→ **PROBLEM STATEMENT**
Your answer must be the full listing below, repeated exactly, with no pictures in it.

→ **COLLECTED MATERIAL**
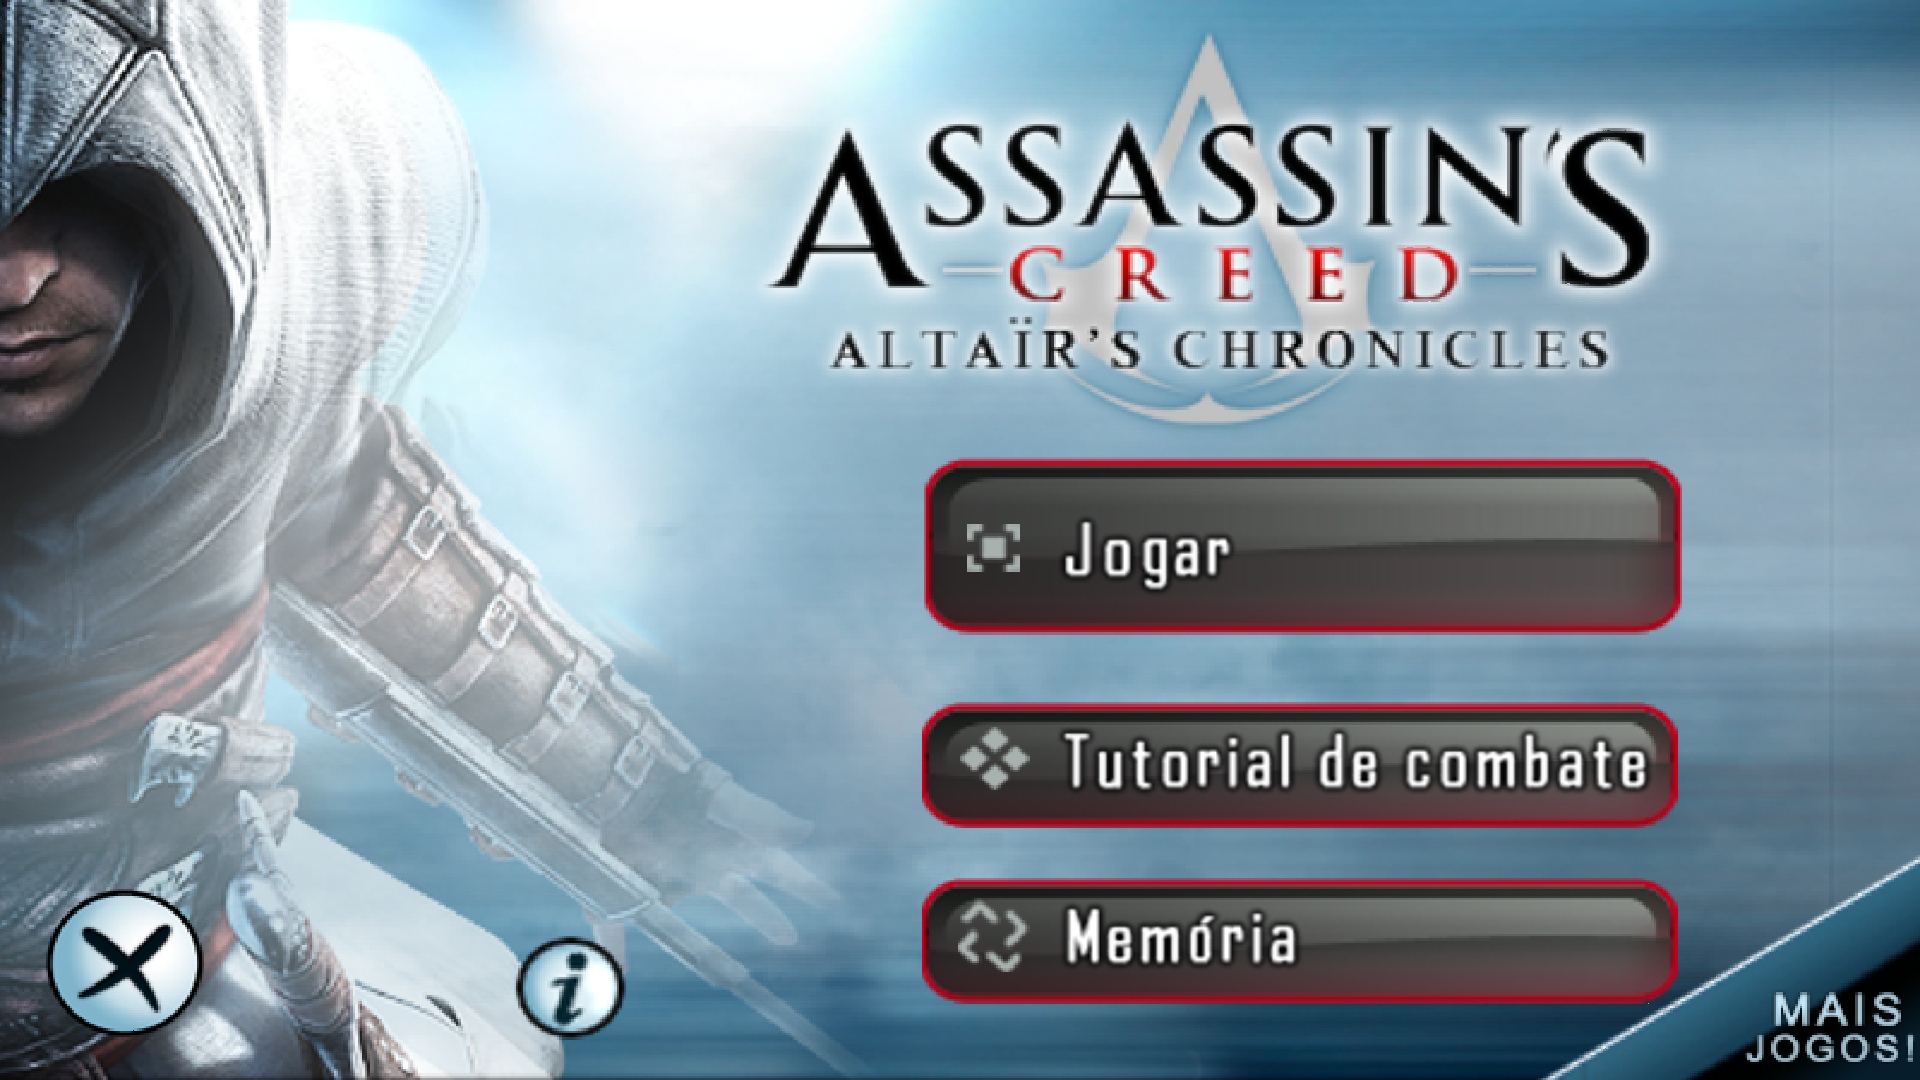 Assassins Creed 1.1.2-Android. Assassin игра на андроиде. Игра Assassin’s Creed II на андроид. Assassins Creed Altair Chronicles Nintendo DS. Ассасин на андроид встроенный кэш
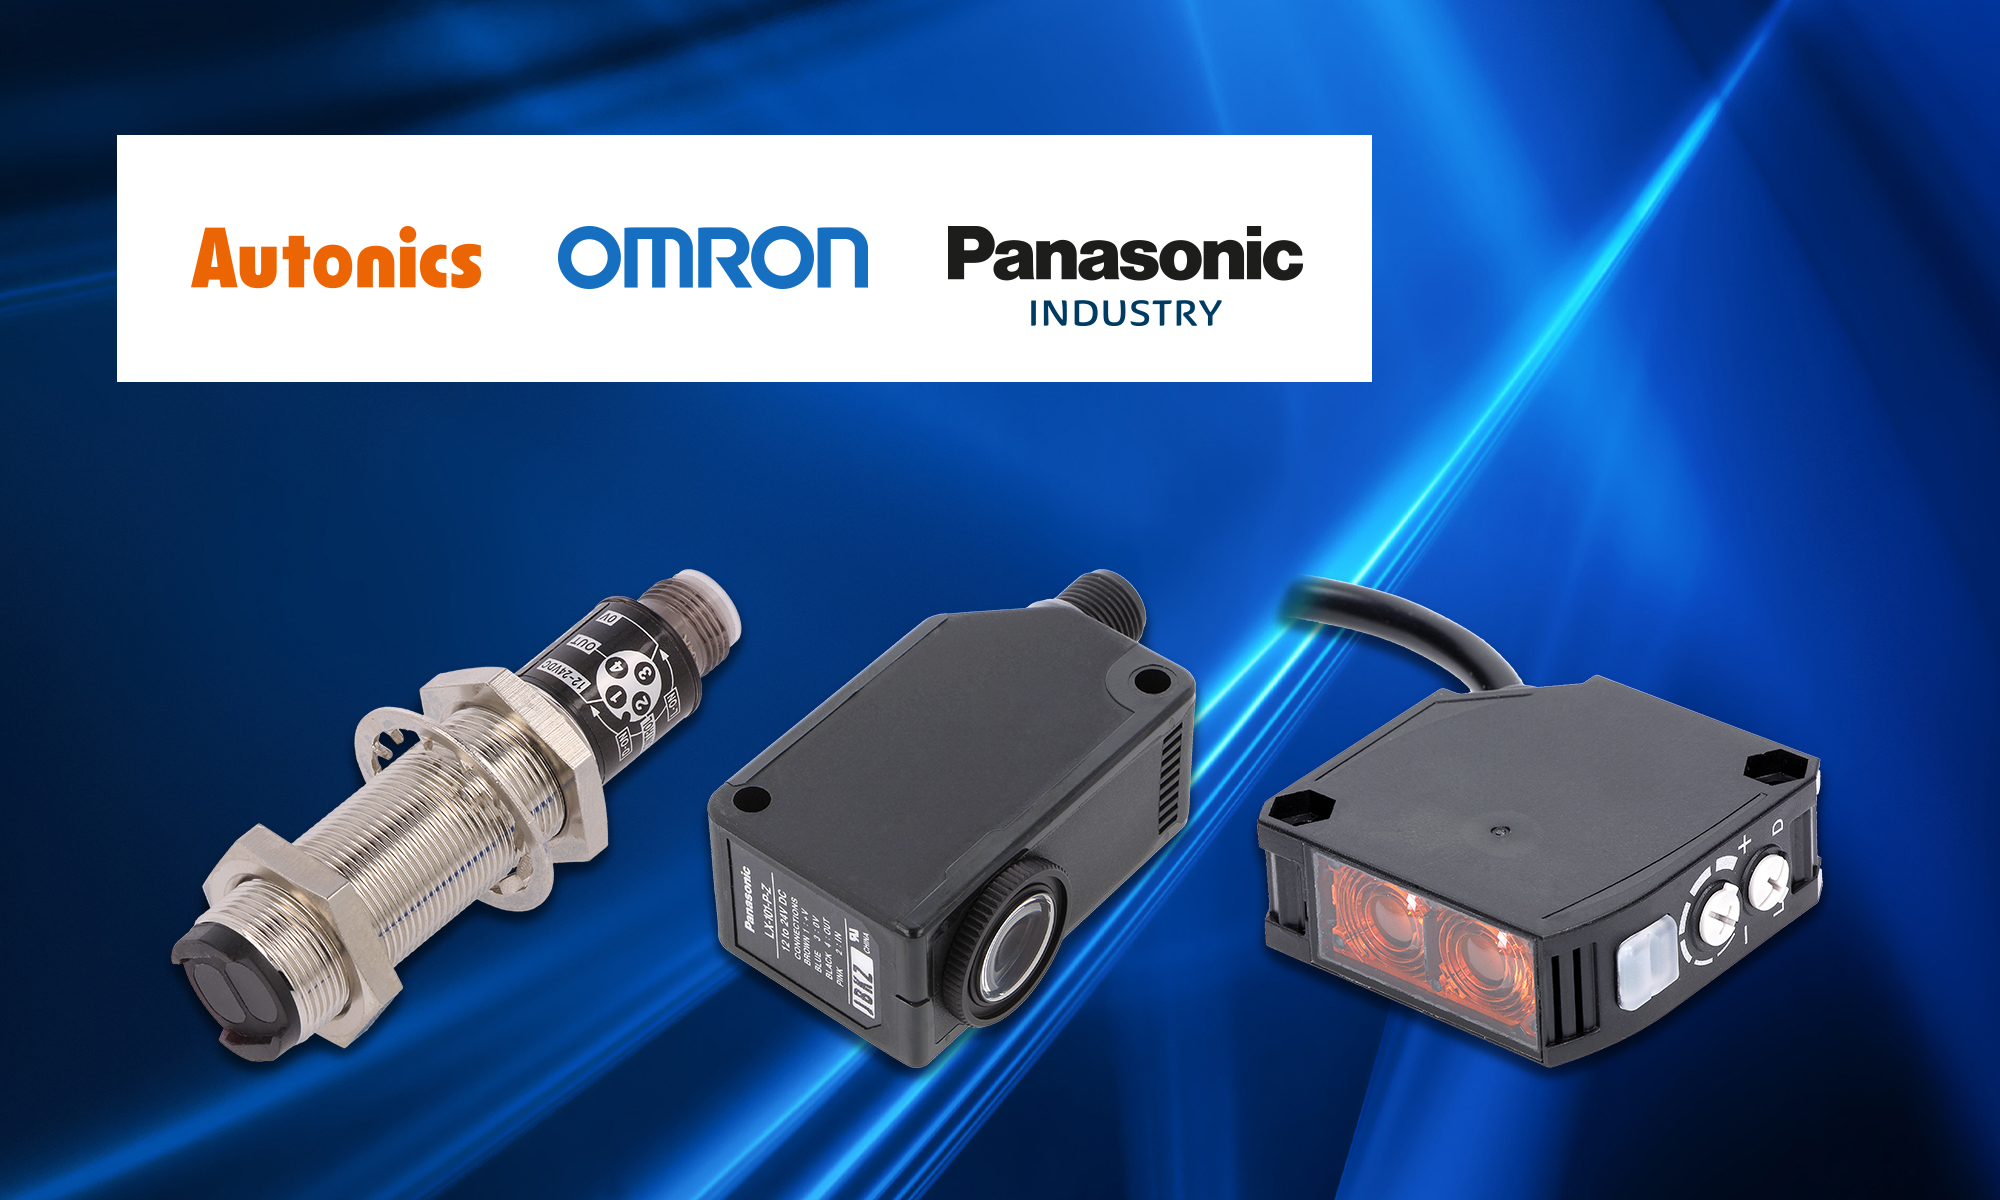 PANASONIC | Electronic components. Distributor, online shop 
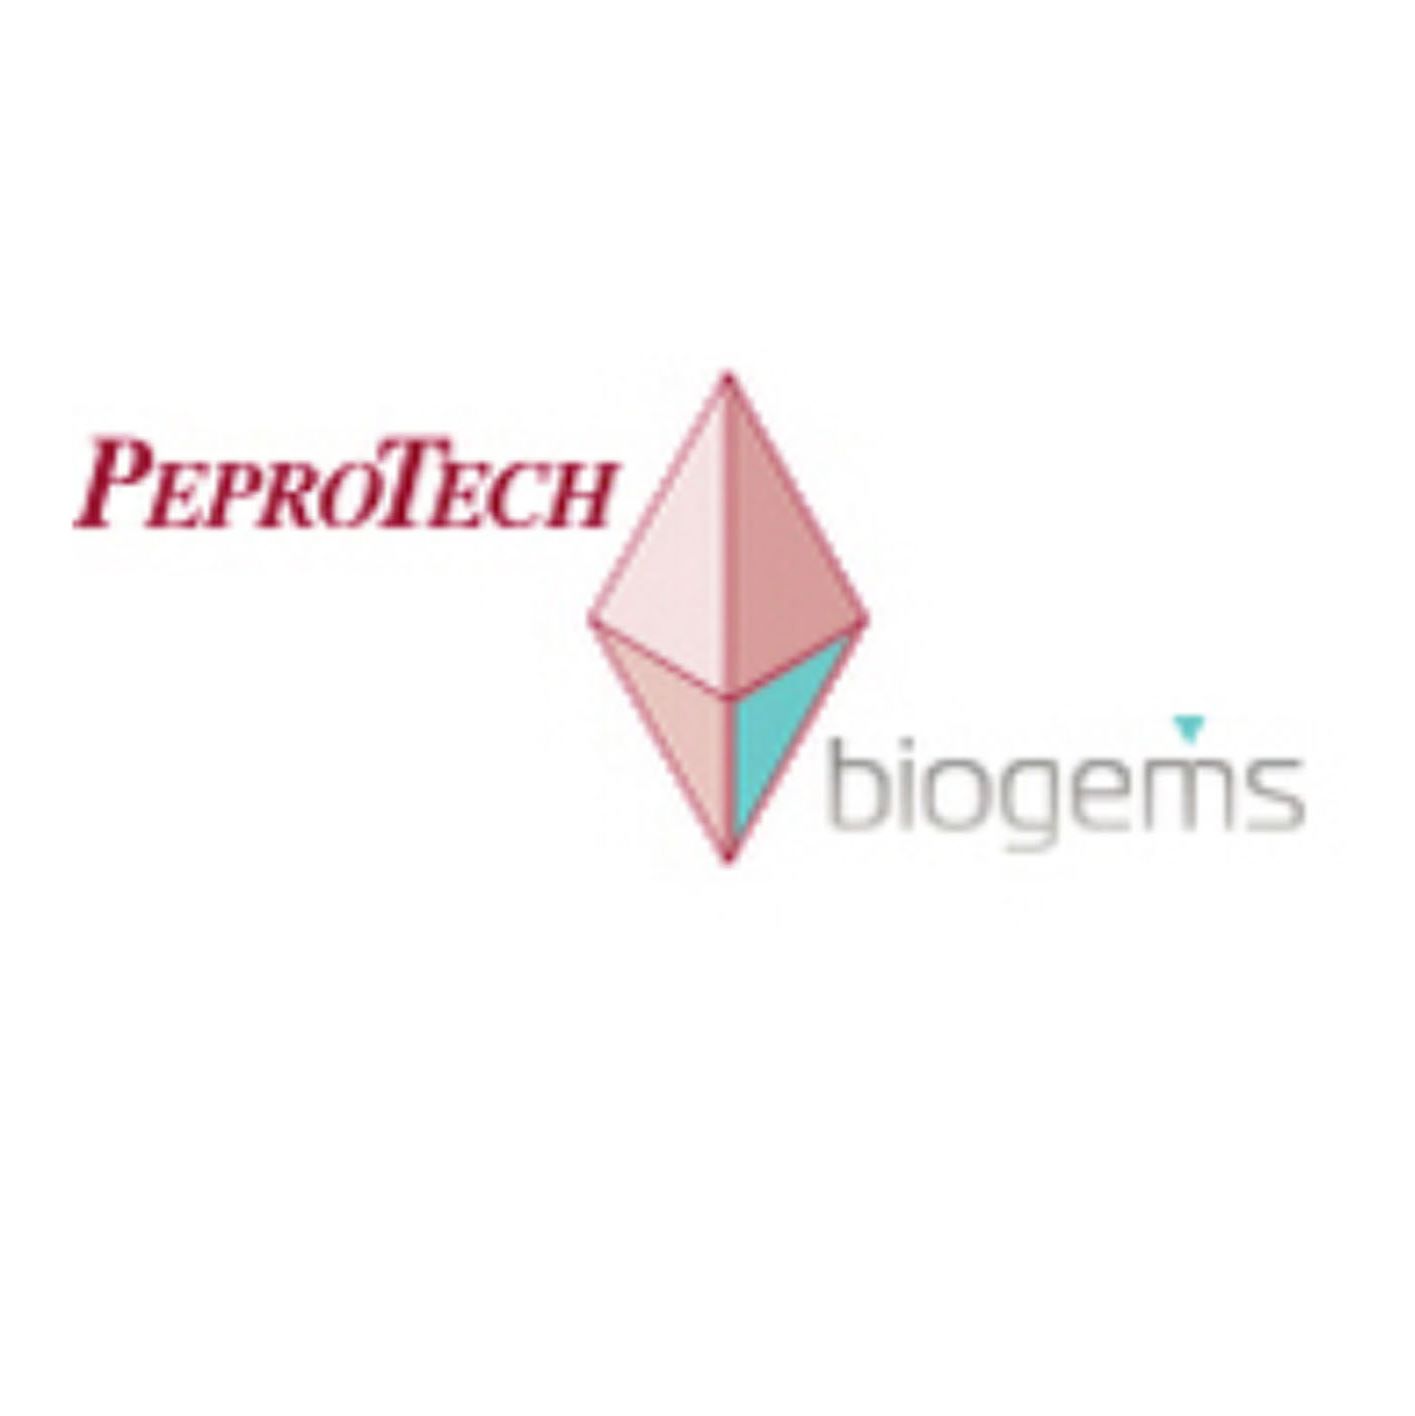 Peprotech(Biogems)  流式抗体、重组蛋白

→ **ANSWER FOR THE TASK**
 Assassins Creed 1.1.2-Android. Assassin игра на андроиде. Игра Assassin’s Creed II на андроид. Assassins Creed Altair Chronicles Nintendo DS. Ассасин на андроид встроенный кэш
 PANASONIC | Electronic components. Distributor, online shop 
 Peprotech(Biogems)  流式抗体、重组蛋白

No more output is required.